Also, a detailed description of the methodology for obtaining catalysts and equipment for physical and chemical research is described in our previous articles [16,45].

3. Results

The X-ray diffraction pattern of the synthesized Fe3O4 (Figure 2a) proves the crystal structure of magnetite, and the peaks in the diffraction pattern at 35°/43°/57°/63°/74° correspond to the lattice planes (311), (400), (422), (511), and (440) characteristic of Fe3O4. The diffraction pattern of CoFe2O4 (a) shows diffraction peaks of iron oxide and cobalt (2θ = 50 ÷ 55°) and a weakly distinguishable region in the region 2θ = 40 ÷ 45°. The resulting spectrum of the nanoparticle powder was compared with the database spectra. The location of the peaks and the ratio of their intensities in the diffraction pattern confirm the formation of a pure magnetite Fe3O4 phase. Based on the shape of the peaks (narrow distribution and good intensity), it can be argued that the resulting nanoparticles have a high crystallinity.

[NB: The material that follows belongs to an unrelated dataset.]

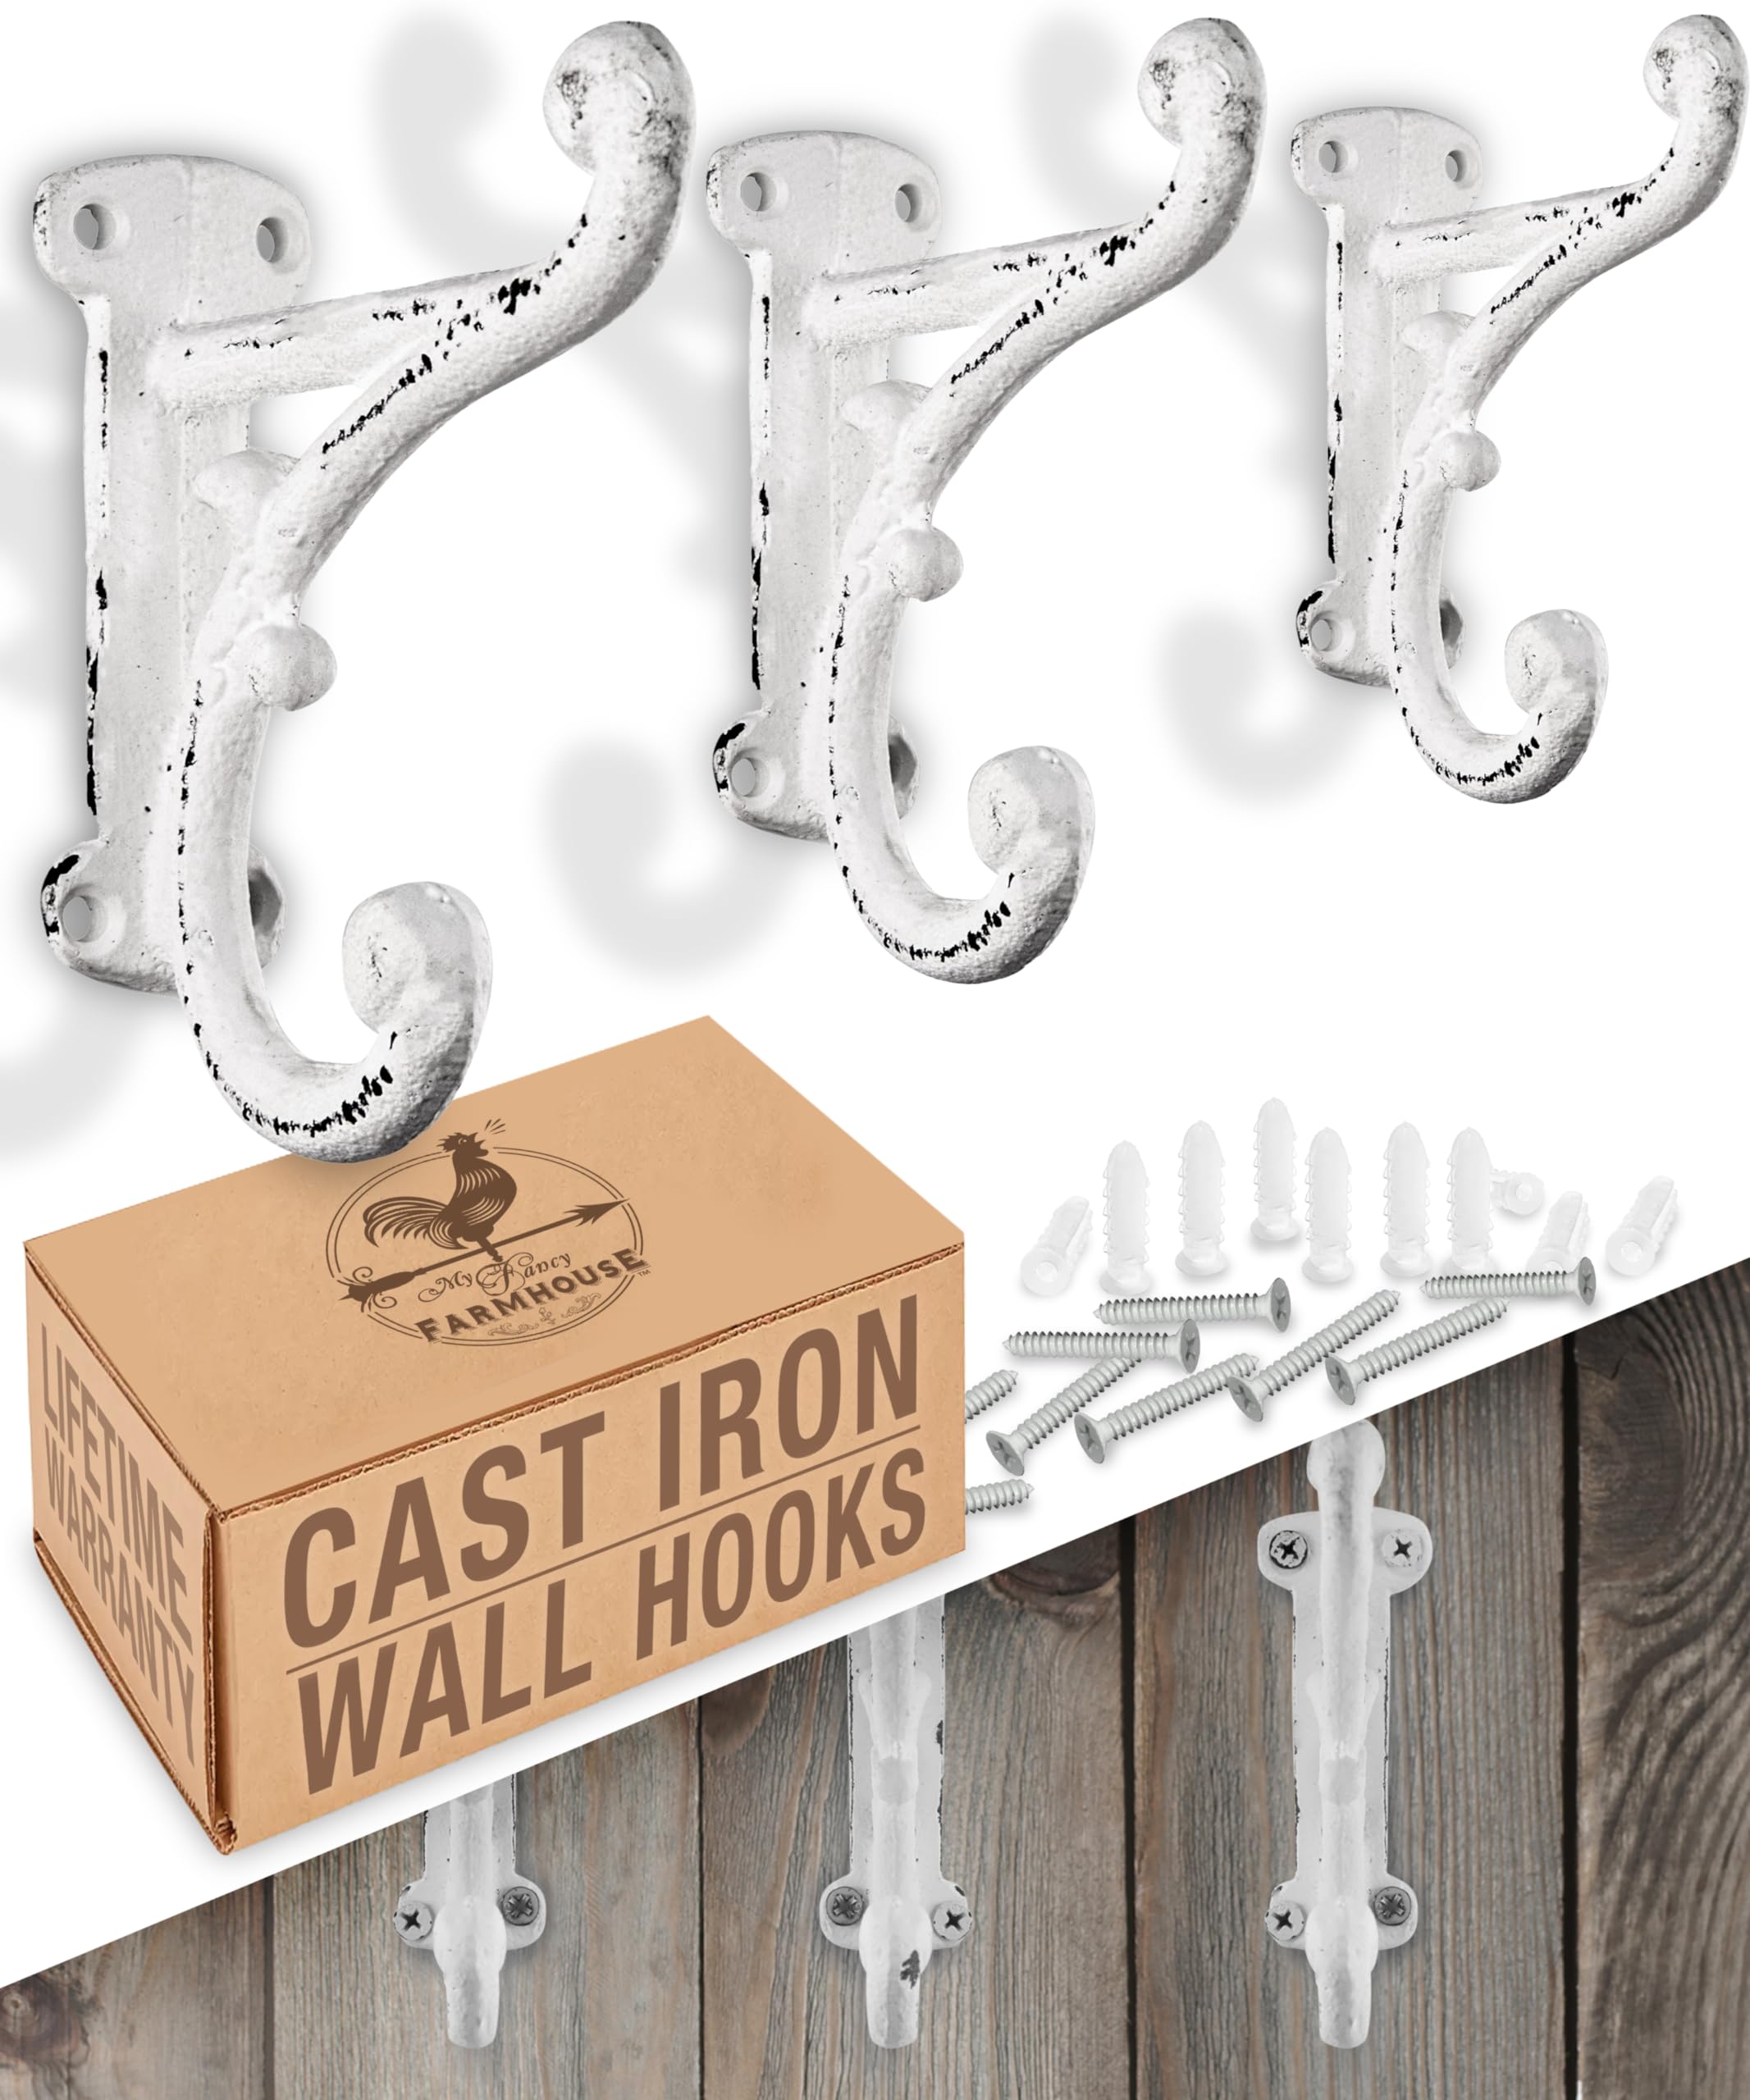 Rustic Cast Iron Coat Hooks (3 Pack) Antique White and Dark Brown, Wall  Mounted, Farmhouse Decorative, Heavy Duty Wall Hooks for Hanging Coats,  Hats

According to elemental analysis (Figure 2b), the content of elements (in %) in the synthesized magnetite was as follows: O (26.51), Al (0.15), Si (0.13), S (1.13), Cl (1.27), Cr (0.47) Mn (0.40), Fe (69.94). The results of the SEM analysis of the synthesized magnetic composite Fe3O4 show that the nanoparticles prepared by the co-precipitation method have granular inhomogeneity (Figure 2c,d).
In the case of cobalt oxide, diffraction peaks of spinel Co3O4 were revealed (Figure 3b,c).
After obtaining a sample stabilized with PEI, diffraction peaks also appeared for other phases of iron oxide—γ-, α, and ε-Fe2O3.
X-ray analysis results for the synthesized CoFe2O4:
Phases:
Fe2O3—hematite; a, nm—0.503607; s, nm 1.37445; concentration—30.78%. X-ray density—5.270 g/cm3. Space group-R-3c.
CoFe2O4—spinel; a, nm—0.838933; concentration—69.22%; X-ray density—5.278 g/cm3. Space group-Fd-3m.
The content of elements in CoFe2O4 (%) according to elemental analysis (Figure 4) were as follows: O (21.16), Al (0.17), Si (0.12), Cl (14.68), Ca (0.03), Cr (0, 19), Mn (0.22), Fe (43.28), Co (20.15).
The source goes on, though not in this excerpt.